> [Problem details]
Once the images are set aside, print the remaining lines below exactly.

> [Collected material]

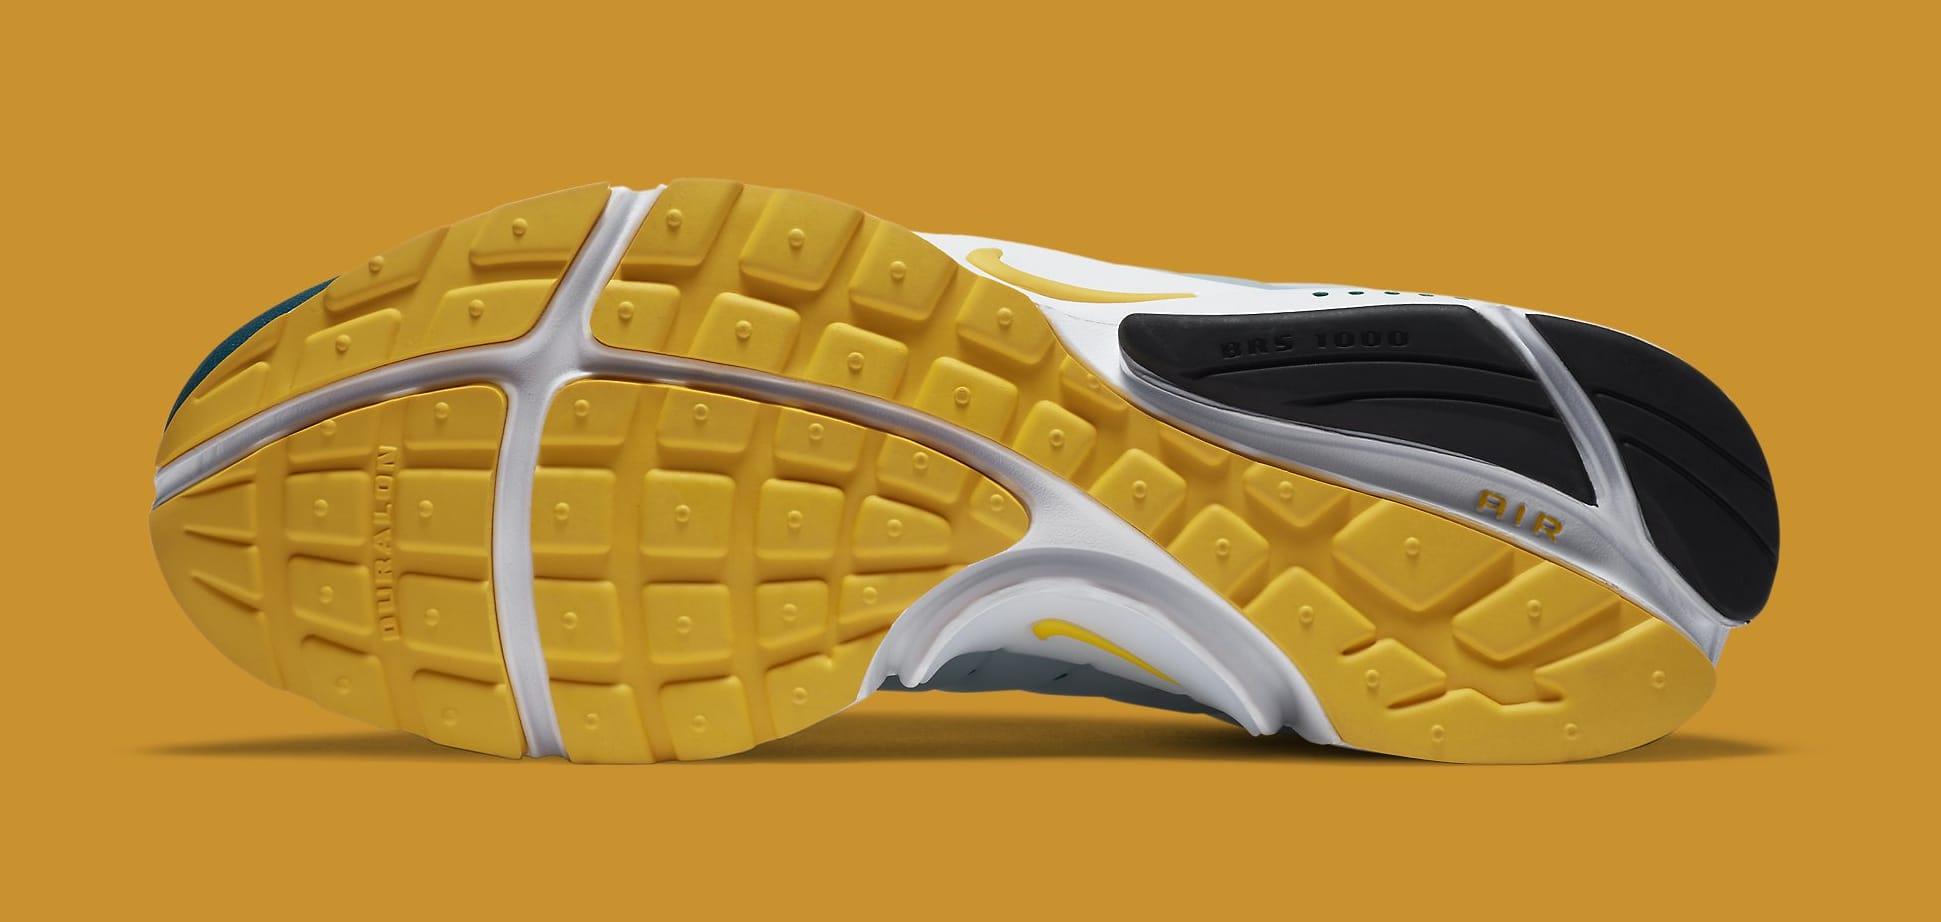 Nike Air Presto 'Australia' 2020 CJ1229-301 Outsole
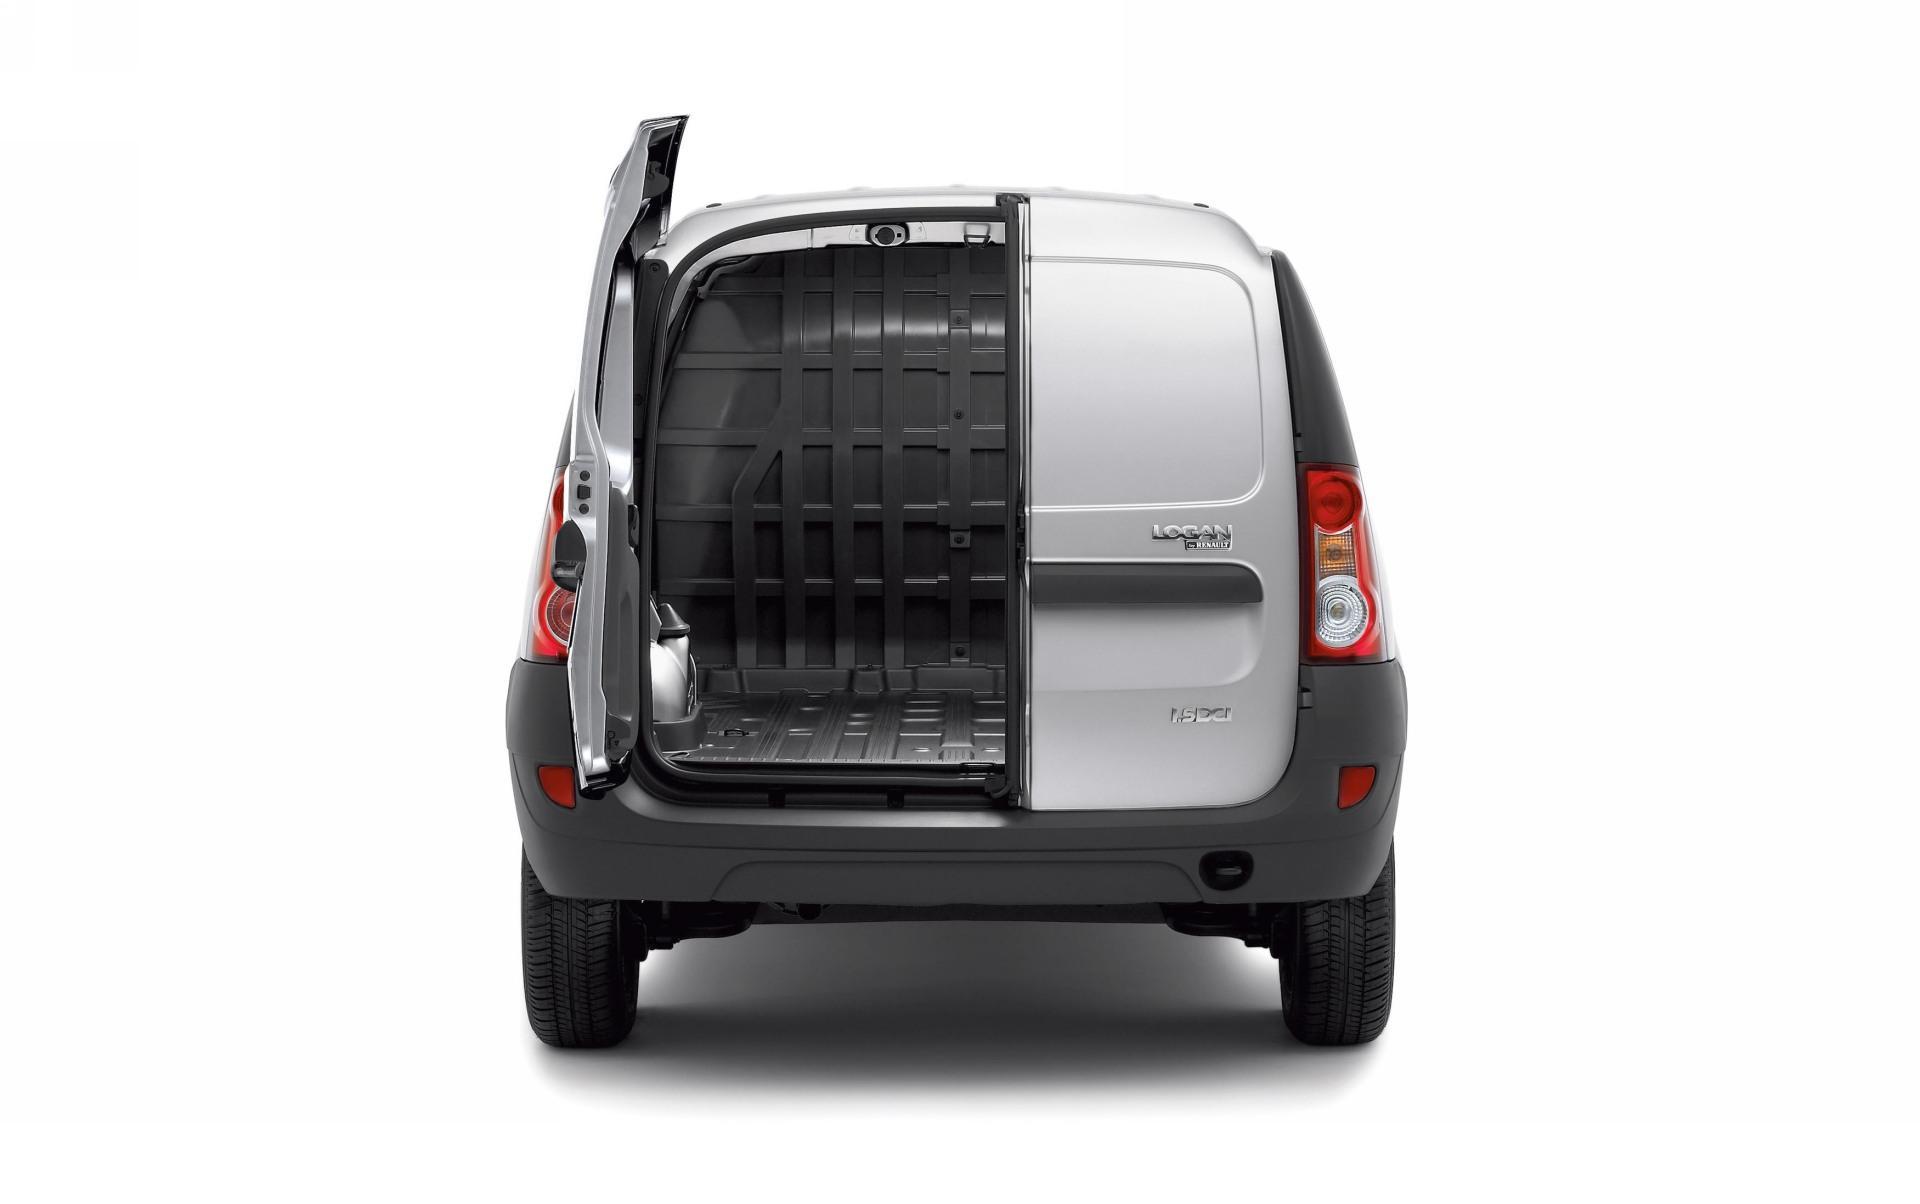 2009 Dacia Logan Van Image
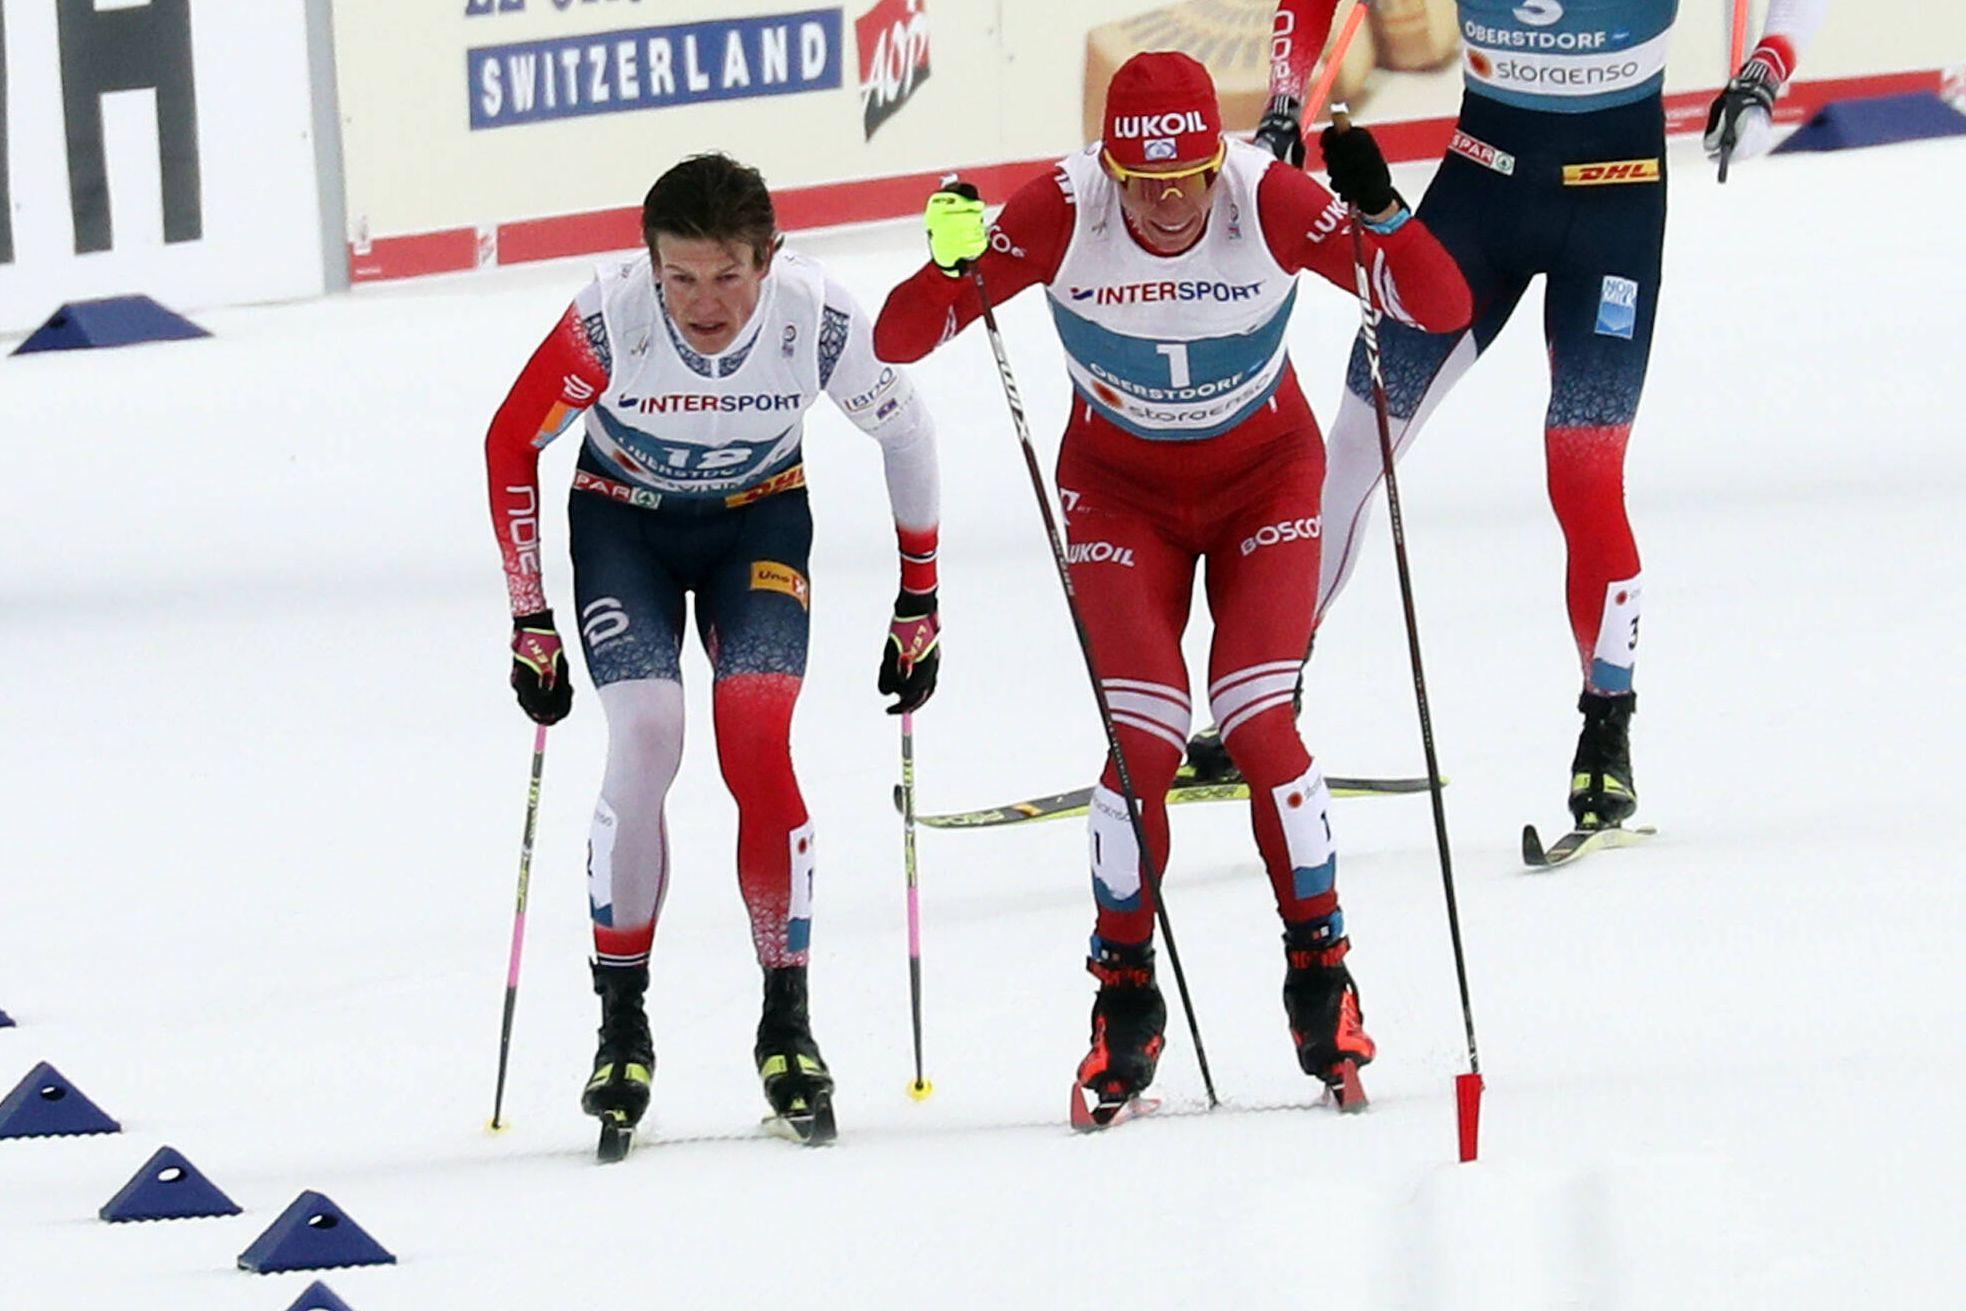 Норвежцы подали апелляцию на дисквалификацию Клебо в марафоне

> [Output for this task]
 Nike Air Presto 'Australia' 2020 CJ1229-301 Outsole
 2009 Dacia Logan Van Image
 Норвежцы подали апелляцию на дисквалификацию Клебо в марафоне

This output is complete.